There is no love lost between Pritt and Manchin, now West Virginia’s senior U.S. senator, who she said was once “the national treasure of ALEC.”

She framed her campaign as one of economic justice, social justice and environmental justice.

She called for an end to fracking for natural gas, assailing the gas industry for its efforts to keep secret the hydraulic solutions that it injects into the ground to recover the gas.

“I don’t think, from all the evidence, that there’s any way that you can do it safely,” Pritt said.

She has called for the legalization of marijuana, both for medicinal and recreational use, and as a way to boost the state’s economy and the government’s stagnant tax revenue.

She has proposed growing cannabis as a crop on abandoned strip mines.

She called for reinstatement of the prevailing-wage law on state-funded construction projects, a law that was repealed in the spring by the Republican majority in the Legislature over the opposition of every Democrat.

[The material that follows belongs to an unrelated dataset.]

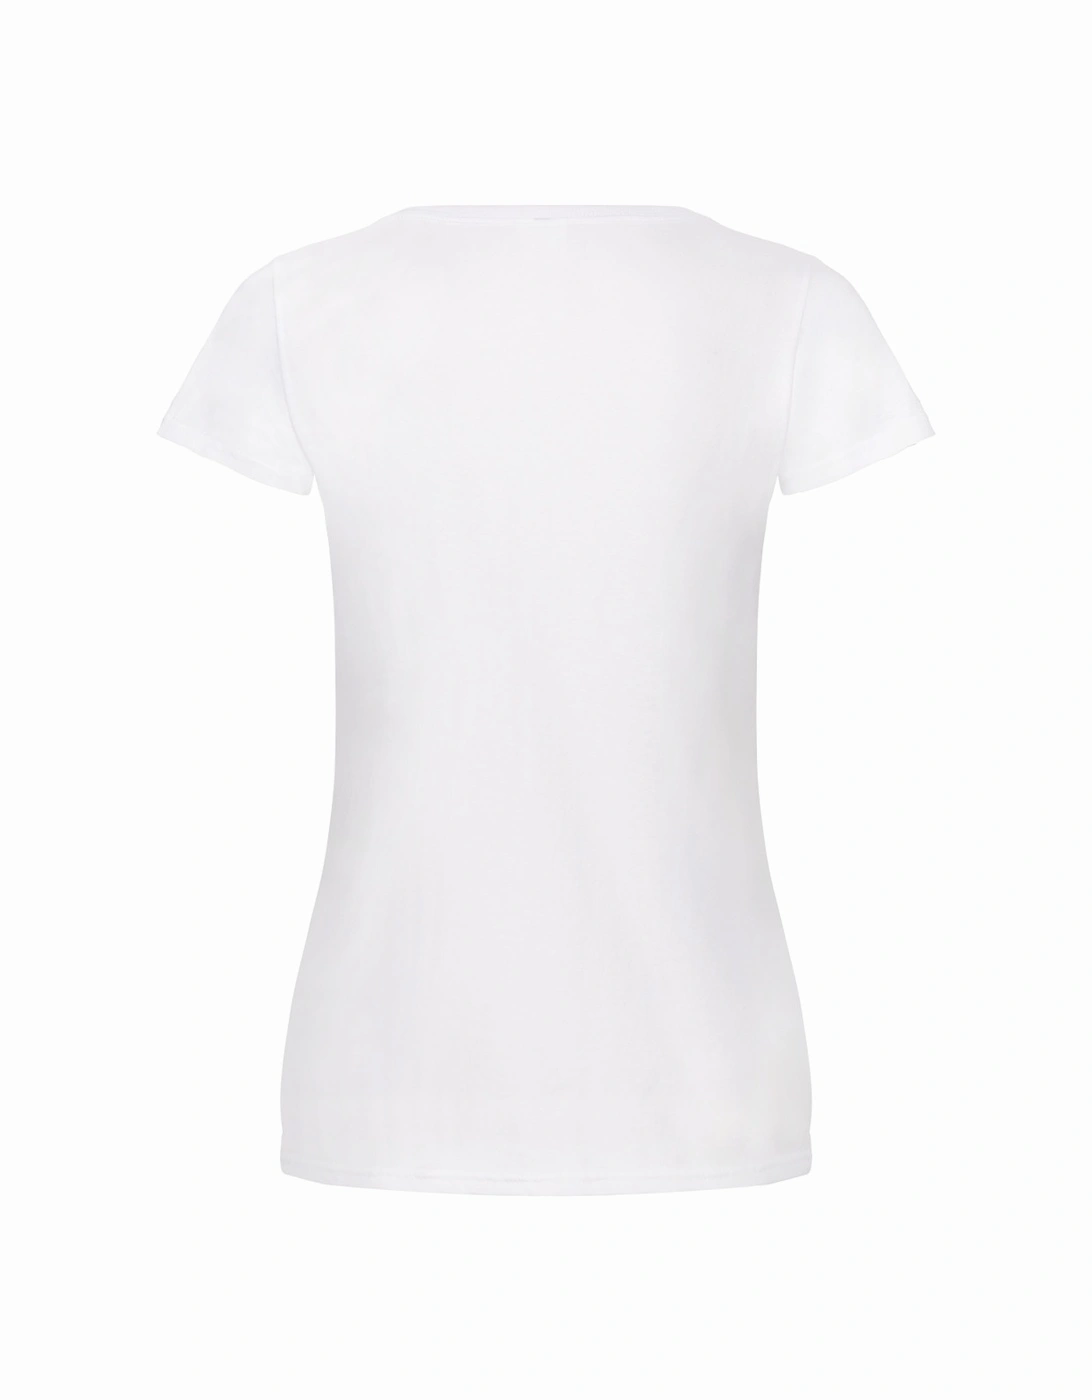 Womens/Ladies Original Plain Lady Fit T-Shirt

In discussing social justice, she talked about discrimination not just by race or sexual orientation, but also based on economic status.

Other than Pritt, the candidates for governor are Republican Bill Cole, Democrat Jim Justice and Libertarian David Moran.

Pritt shrugged off the massive financial disadvantage she will face — Justice is a billionaire self-funding his campaign and Cole, a millionaire partly self-funding, is a prolific fundraiser.

Pritt spent about $2 million on her gubernatorial campaign in 1996, but she is unlikely to come anywhere near that sum 20 years later.

“My campaign has always been powered by people,” she said. “People feel empowered, even if it’s a dollar, to be able to participate in the process.”